There is the feeling of uneasiness in looking into the eyes across and then the deep comfort of being able to gaze into them, knowing the mood evoked without the need to speak. There is it the gentle glide of fingertips against fingertips, a flutter of butterflies somewhere down deep. At first, an unfamiliar feeling of skin as the touch learns the face, and then the free movement of hands across the parts that need comfort, support, and grace — whether it is to soothe or excite, to extinguish or ignite — and knowing that, wanting that, needing that, beyond self. It starts there, and then it grows into flowers whose blossoms vary in their array of colors, shapes and sizes. Perhaps some are bright with emotion and ecstasy of the pleasure of a shared joke or laugh, a discovery and indulgence of a common interest, or of two bodies coming together in the pleasure of one another. Some flowers are a pleasing soft color of being a vessels of joy for another, each other, whether through surrender of a languid weekend morning with breakfast in bed, the surrender of a body for what-you-will vignette, the comfort of a shoulder to cry on, and a hand to hold when everything else around grows tired, difficult and old. Some flowers are dull and gray, of being one another’s respite in silence after a long hard day. Some flowers bloom in lively colors of toil, of creating turmoil in one another’s lives, of throwing the orderly pieces up in the air, in flight, and then re-arranging together, with symbiotic care and might. Perhaps deeper tones blossom with time, if life is created thought pain and pleasure of shared goals, genetically intertwined. A partnership rises, in garlands and wreaths. The careful and patient gardener is inspired to constantly water, weed and rake fallen leaves. The gardening slowly changes gardeners (there are two) and shapes the way a water molds stones. As years pass, their flowers blossom, wither and grow. They start to climb fences, wear away defenses, grow tall and intertwine, creating a canopy of color, shared rhythm and time. Sometimes, the two gardeners are afforded moments of curling underneath its shade in rest, protected and cradled for a shared moment, before rising up together to challenge another one of life’s changing tests.
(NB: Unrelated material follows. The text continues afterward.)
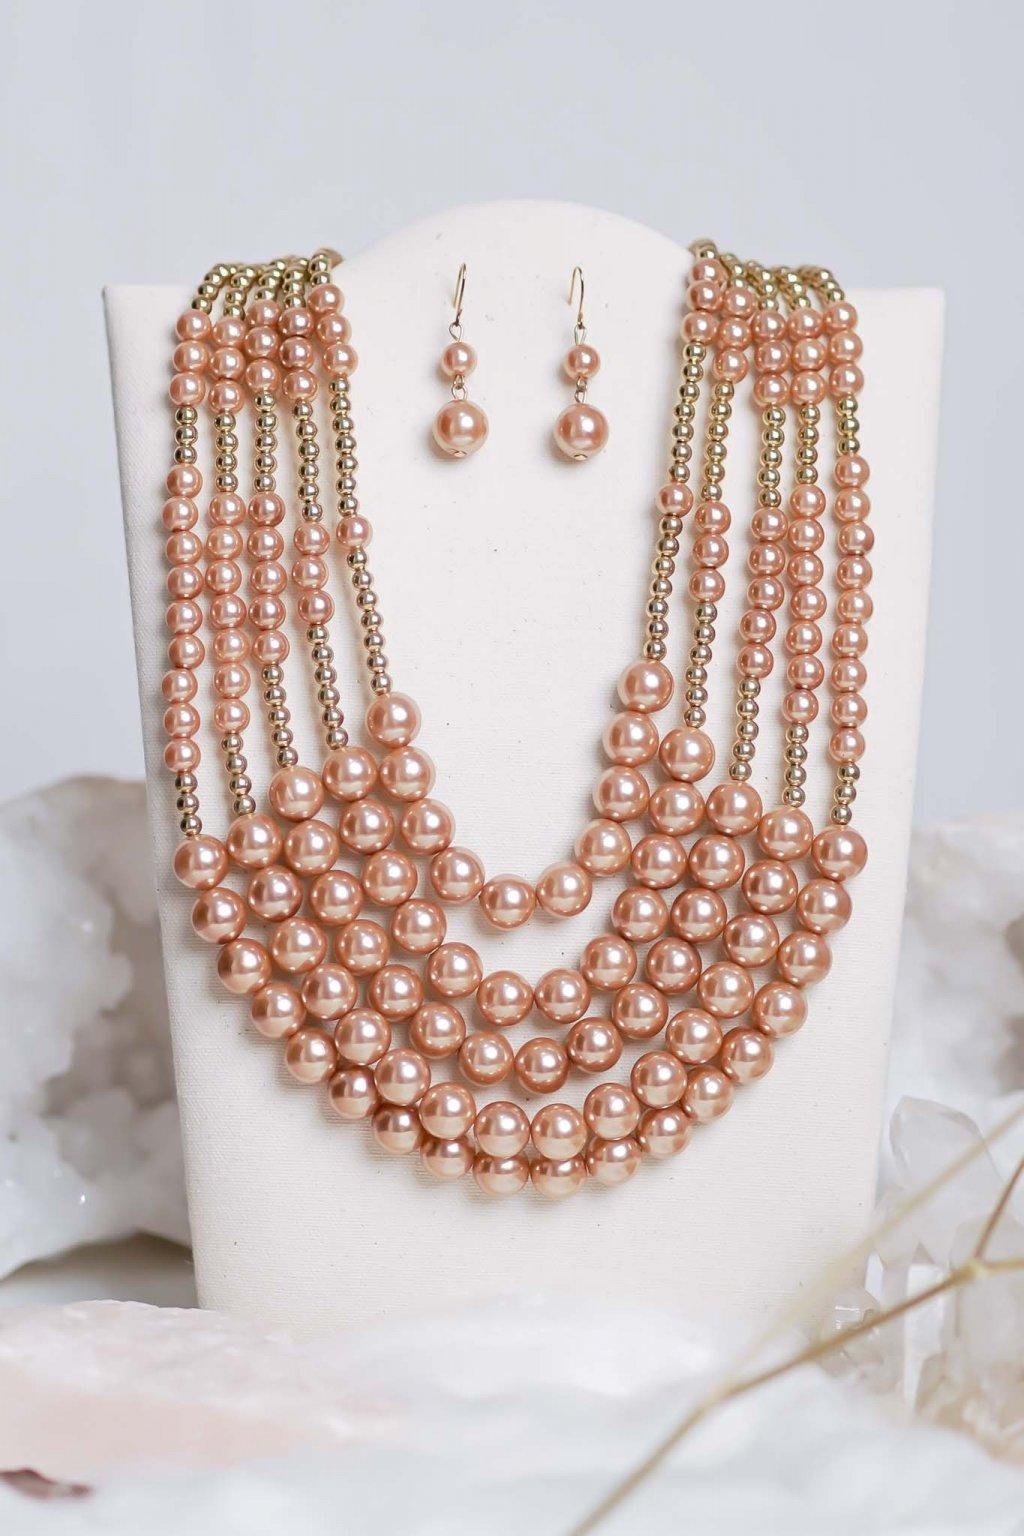 náhrdelník, šperk, spoločenská náhrdelník, náhrdelník na bežný deň, výrazný náhrdelník, jemný náhrdelník, šperky, náhrdelník na ples, svadbu, stužkovú 01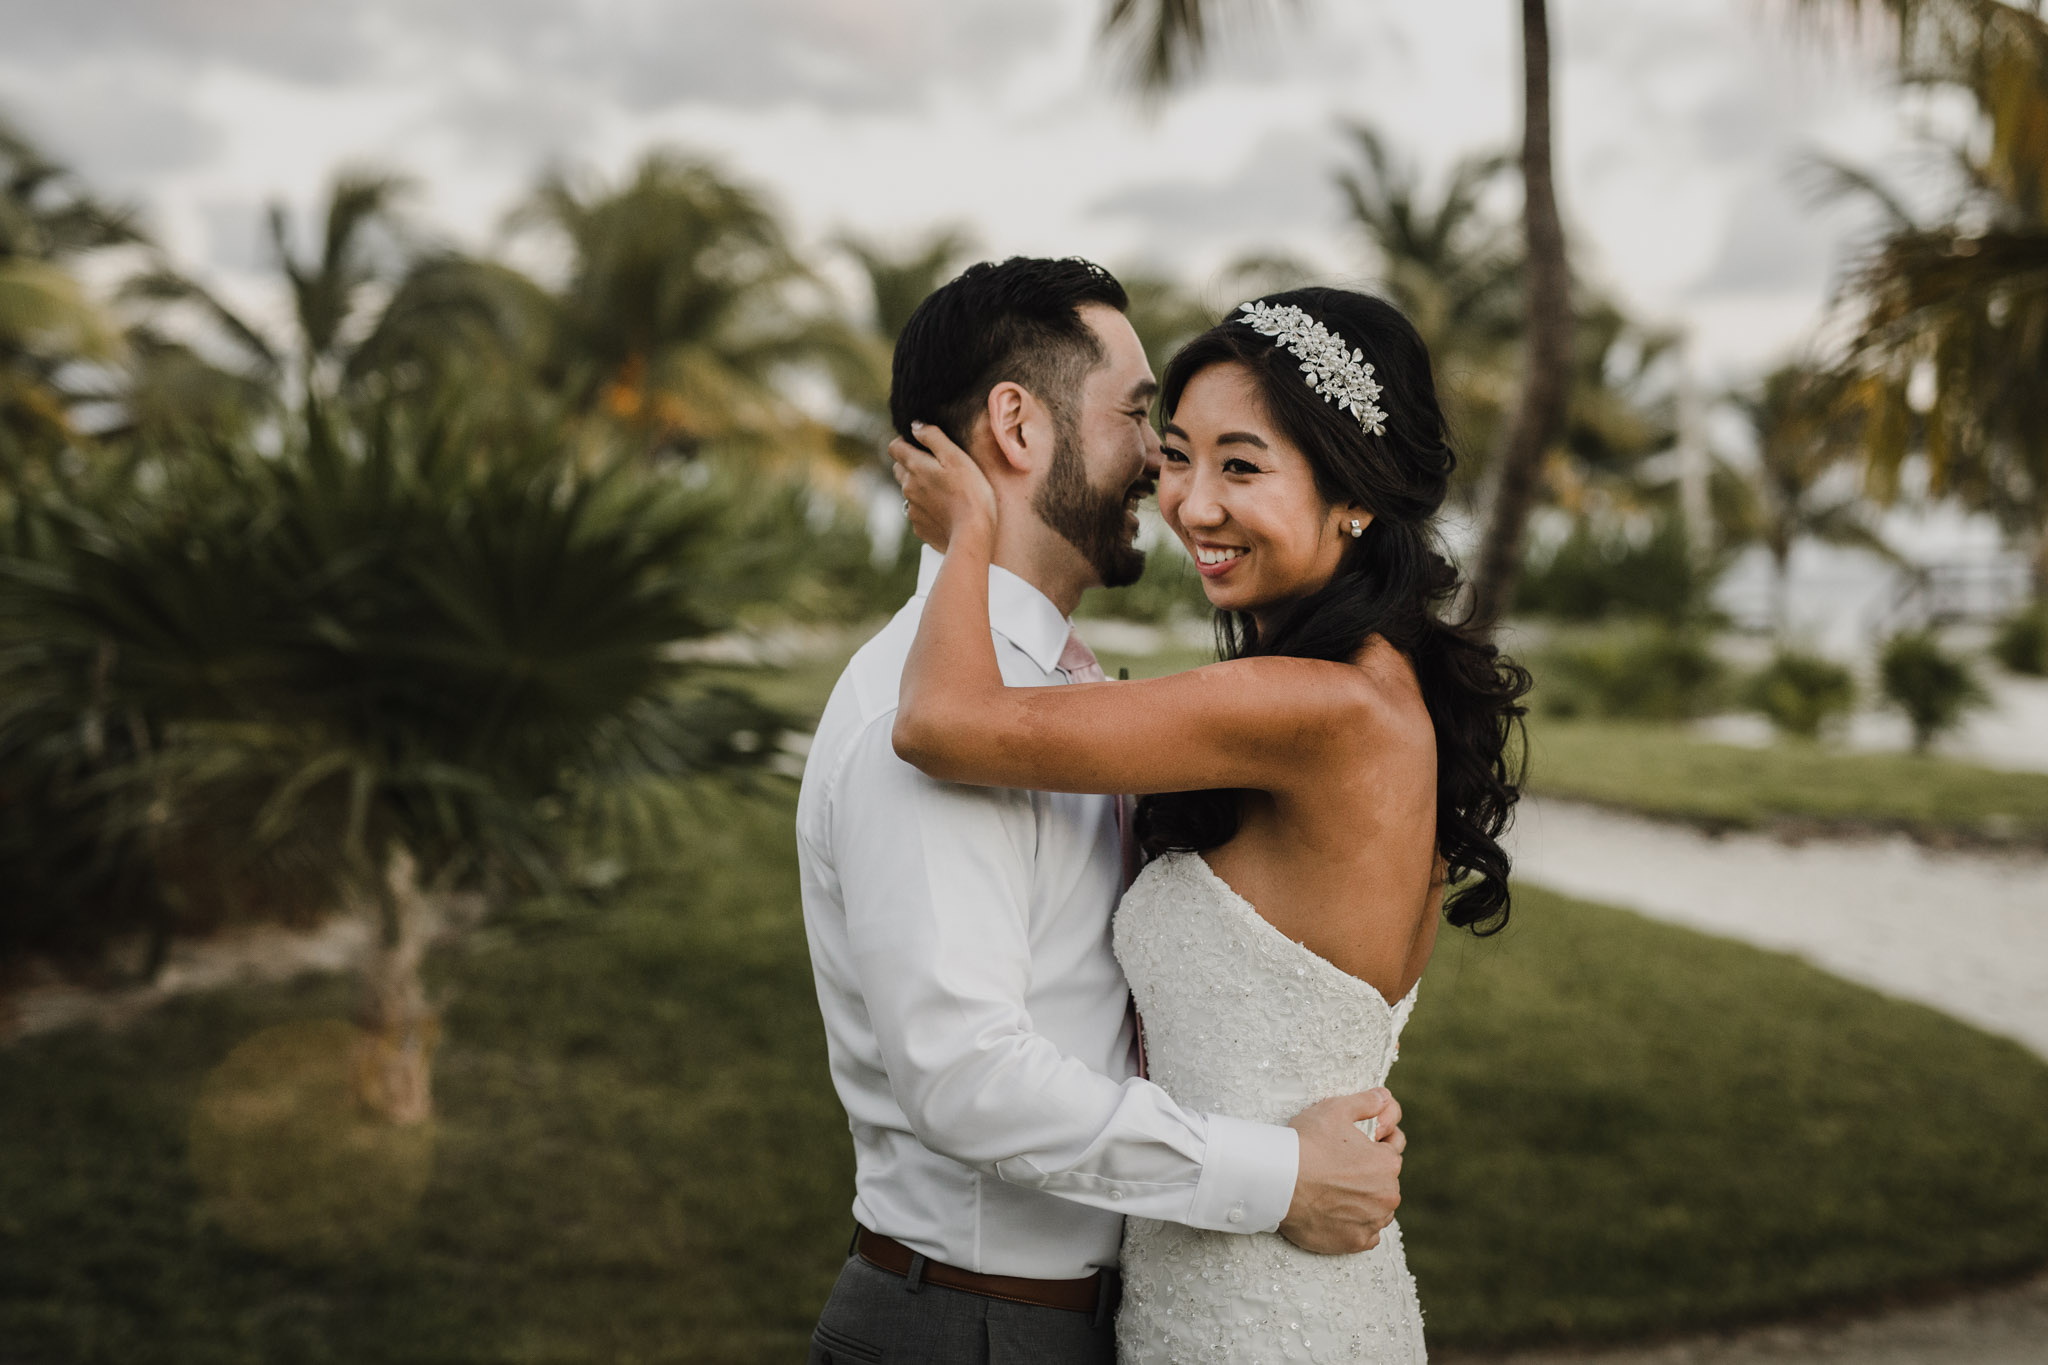 Cancun Mexico Wedding - playful on the beach

The traveler cannot help but change. The road stretches and curves between these states, her destinations await. Some states have been visited, re-visited, re-imagines and re-ignited. Others transpire, inspire, on the horizon. The road can be lonely, but perhaps it does not have to be. For the traveler, her destinations are imagined best from the space in between. The white clouds, a space out of time, the in-flight limbo of rhythm and rhyme.